[Task prompt]:
As an exercise in exact copying, transcribe the lines below from the one holding "avionic technician" through the last, with both ends included and pictures left out.

[Records for processing]:
--- START ---
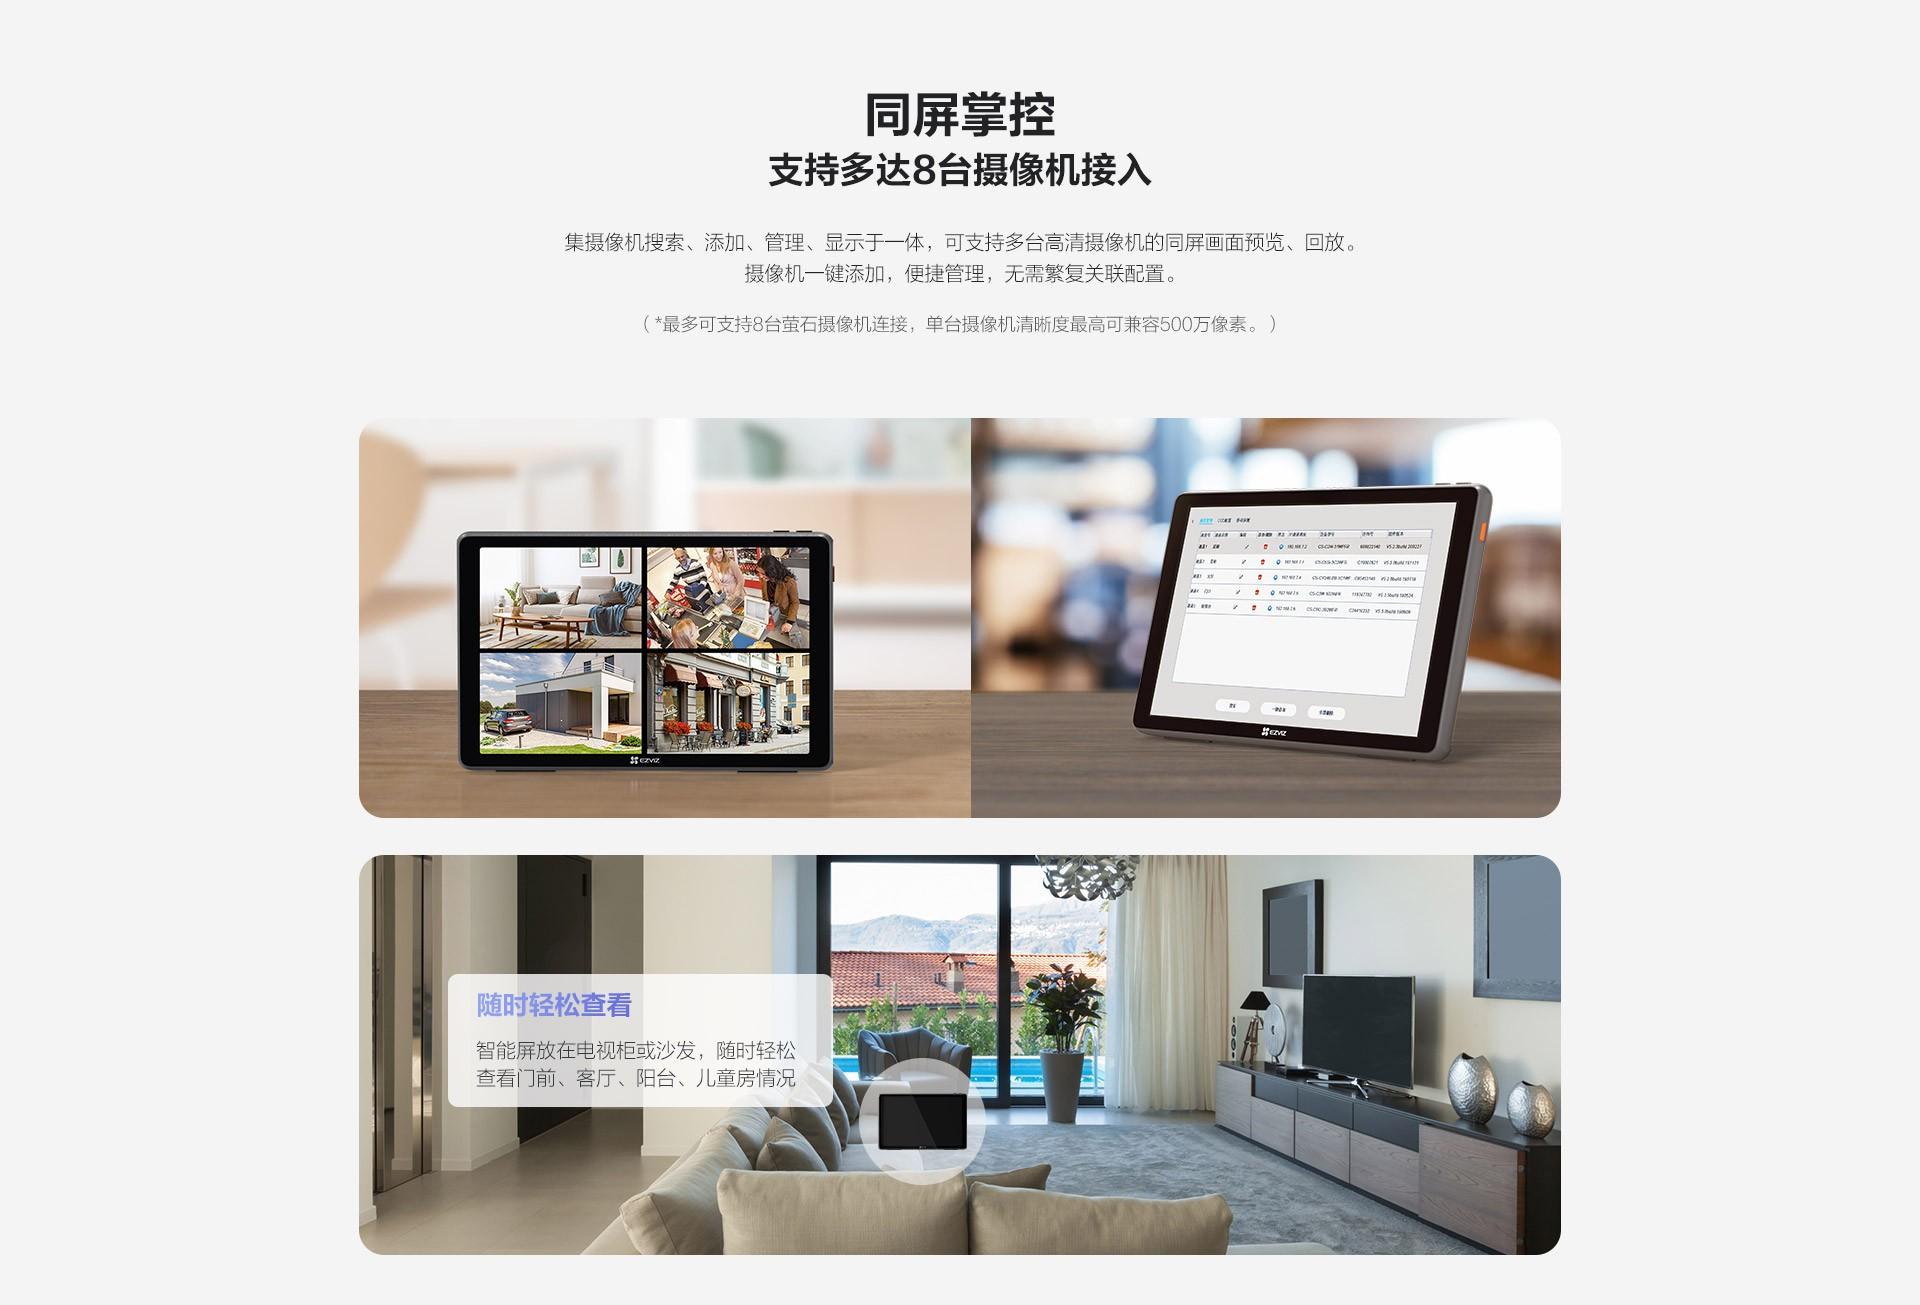 SD1-web_05.jpg
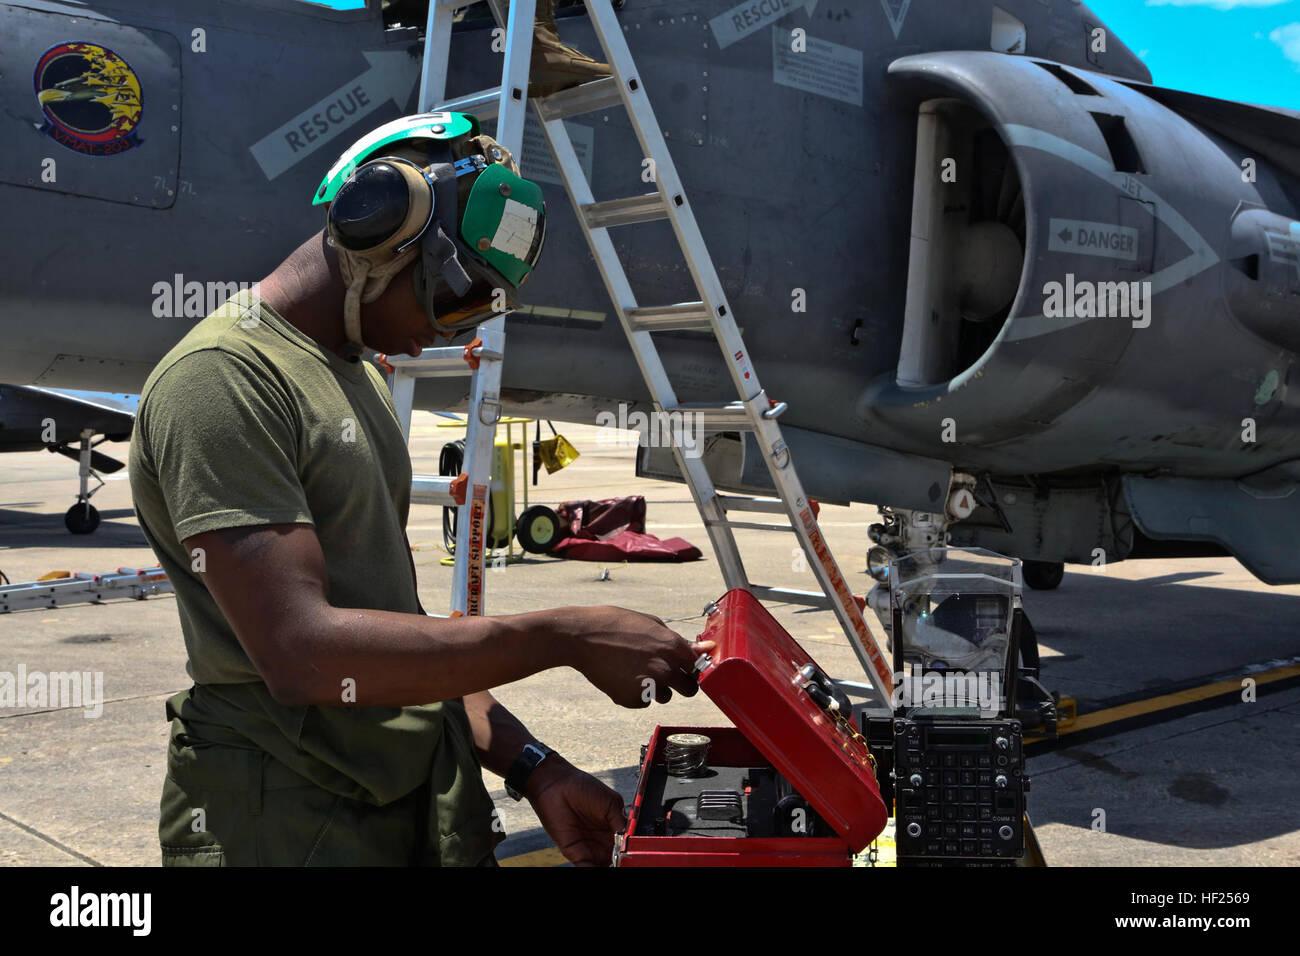 avionic technician
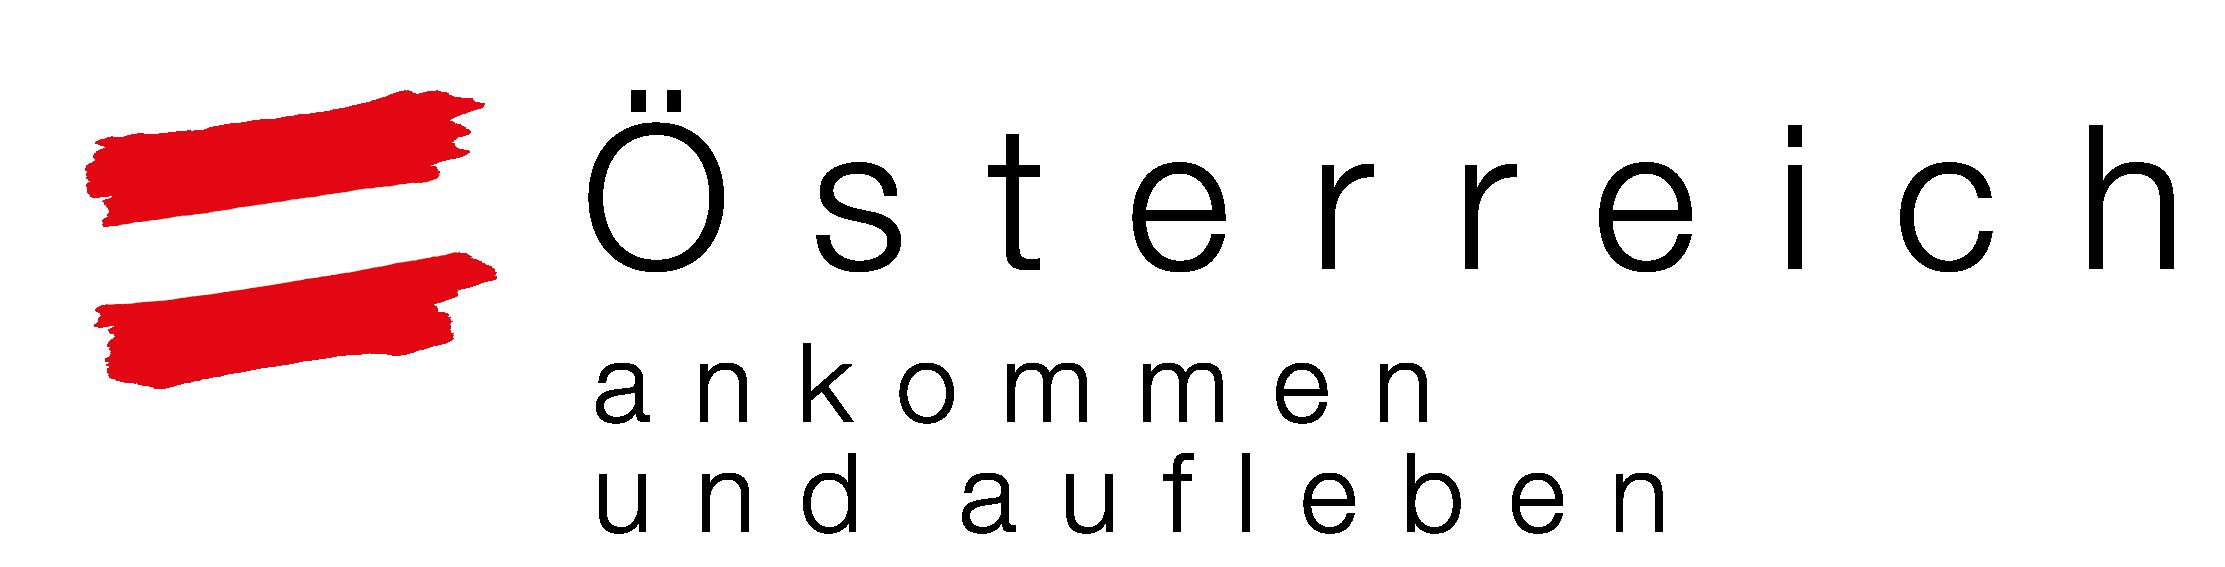 oew_logo-b2c_de, Österreich Werbung Logo
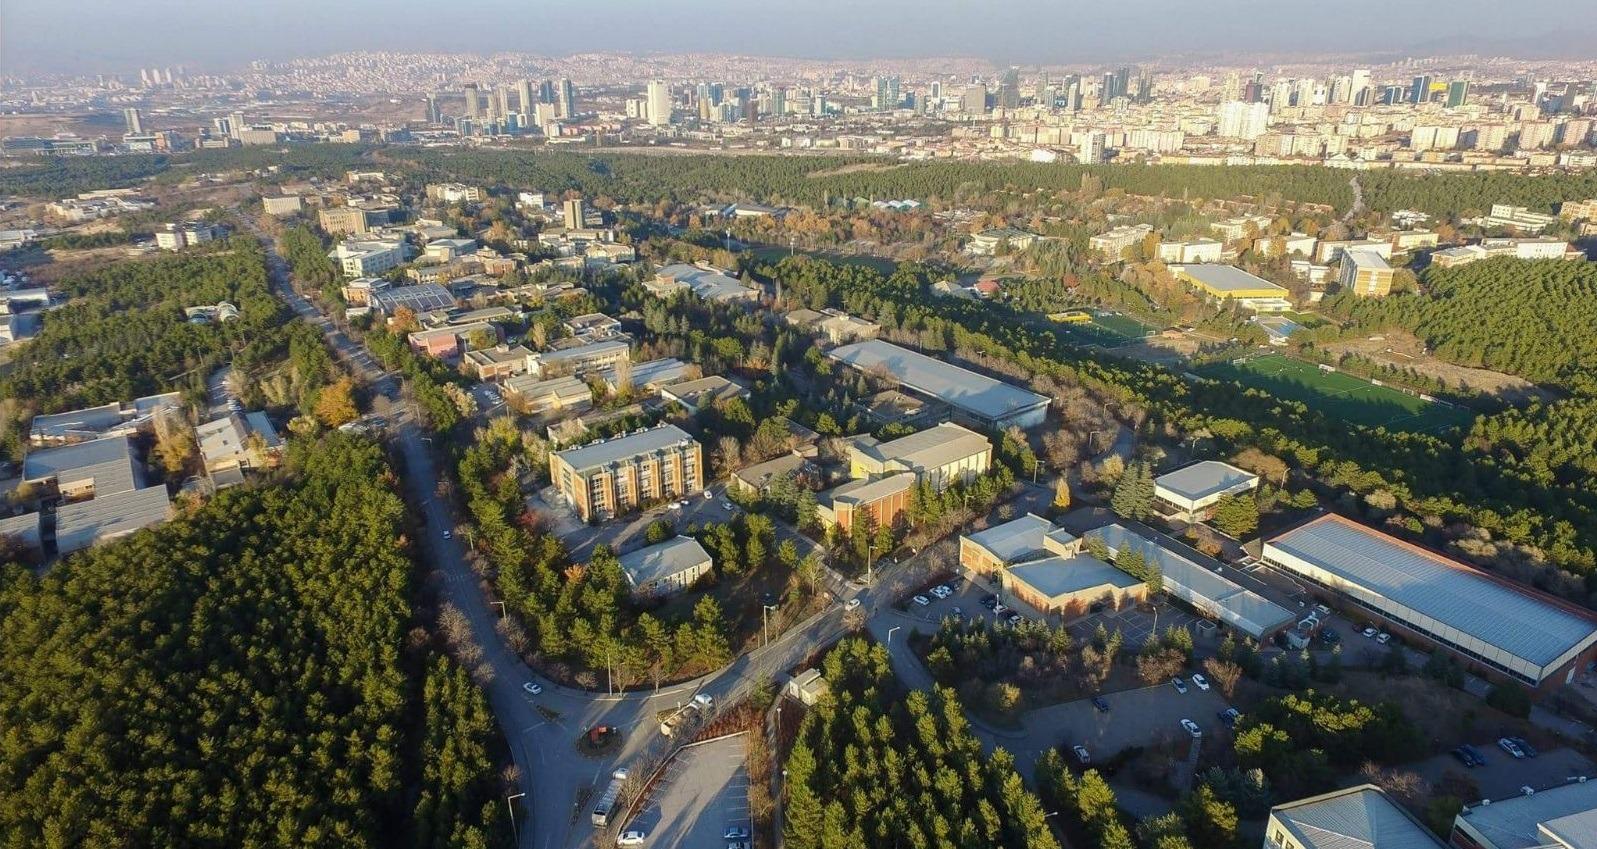 METU (Middle East Technical University) Campus.
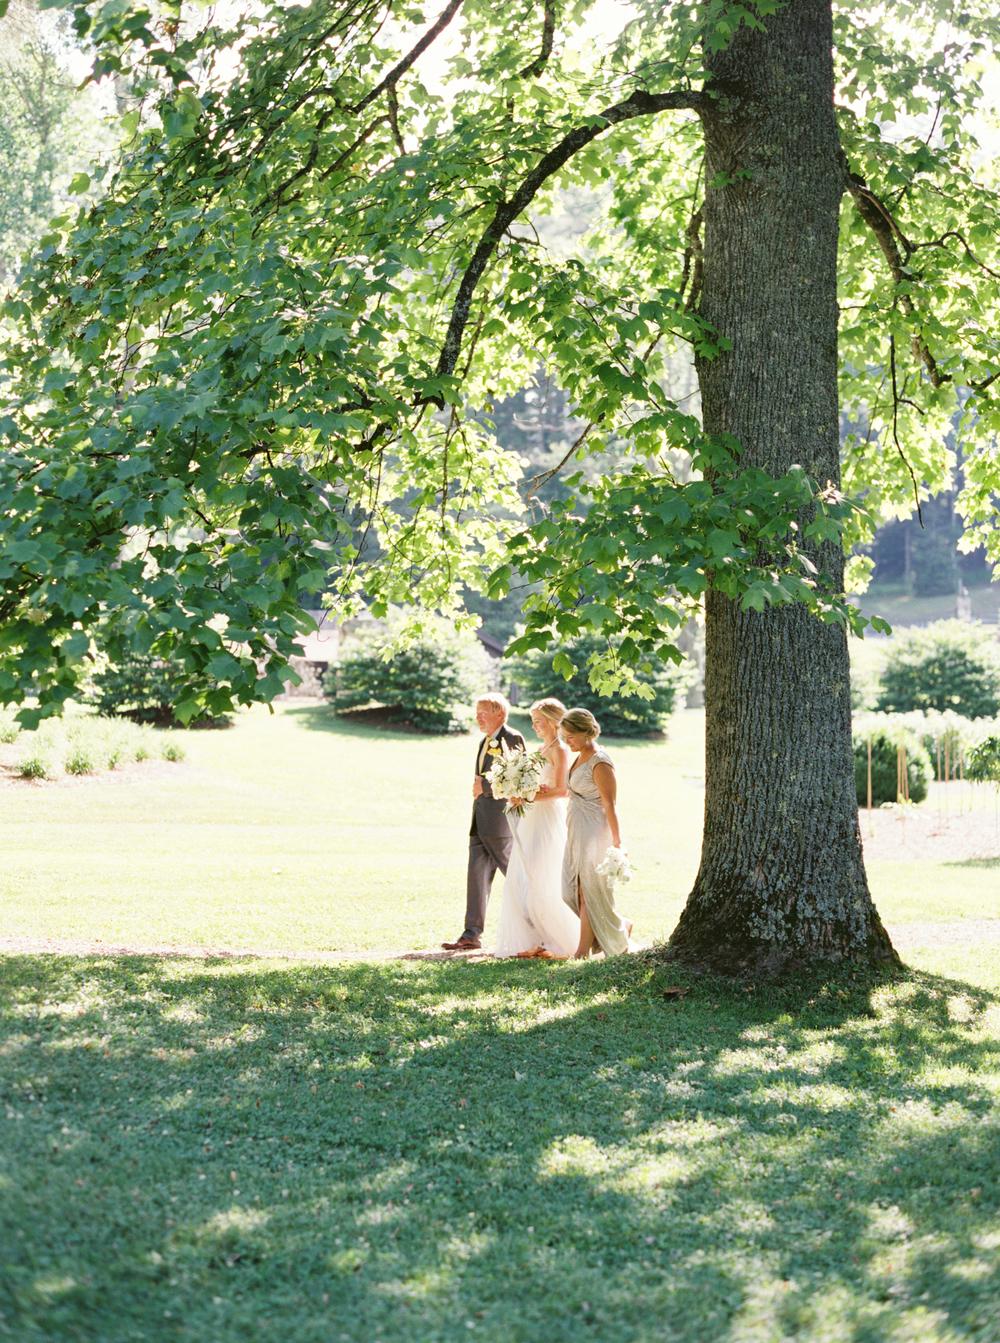 Jen & Russel | Sawyer Baird (39 of 63).JPG
--- END ---
[Written reply]:
 avionic technician
 oew_logo-b2c_de, Österreich Werbung Logo
 METU (Middle East Technical University) Campus.
 Jen & Russel | Sawyer Baird (39 of 63).JPG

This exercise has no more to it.